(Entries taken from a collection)
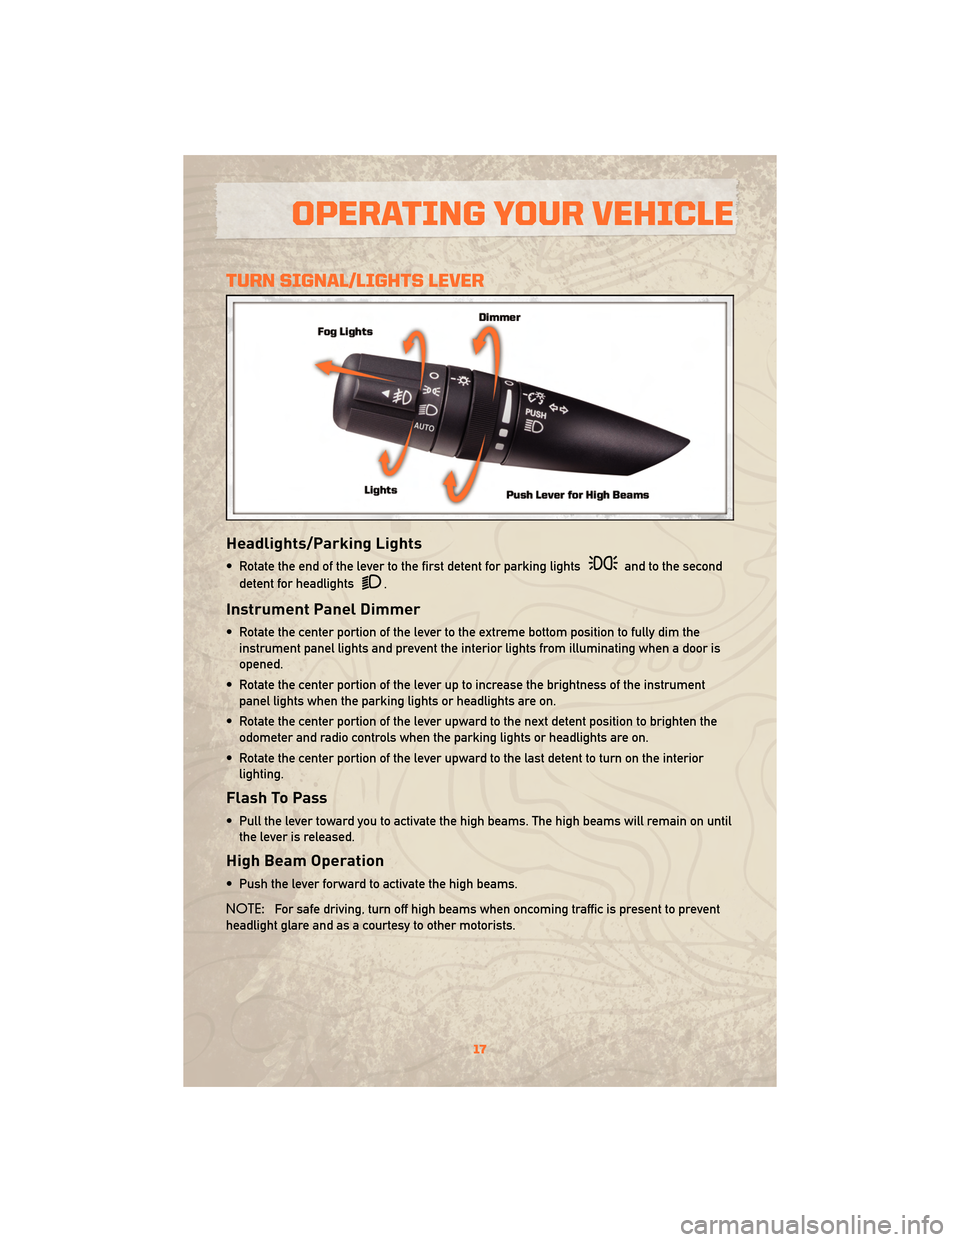 JEEP WRANGLER 2010 JK / 3.G User Guide TURN SIGNAL/LIGHTS LEVER
Headlights/Parking Lights
• Rotate the end of the lever to the first detent for parking lightsand to the second
detent for headlights
.
Instrument Panel Dimmer
• Rotate th

- Activity -
Exactly as they appear above, write out all the entries, but not the images.

- Your solution -
 JEEP WRANGLER 2010 JK / 3.G User Guide TURN SIGNAL/LIGHTS LEVER
Headlights/Parking Lights
• Rotate the end of the lever to the first detent for parking lightsand to the second
detent for headlights
.
Instrument Panel Dimmer
• Rotate th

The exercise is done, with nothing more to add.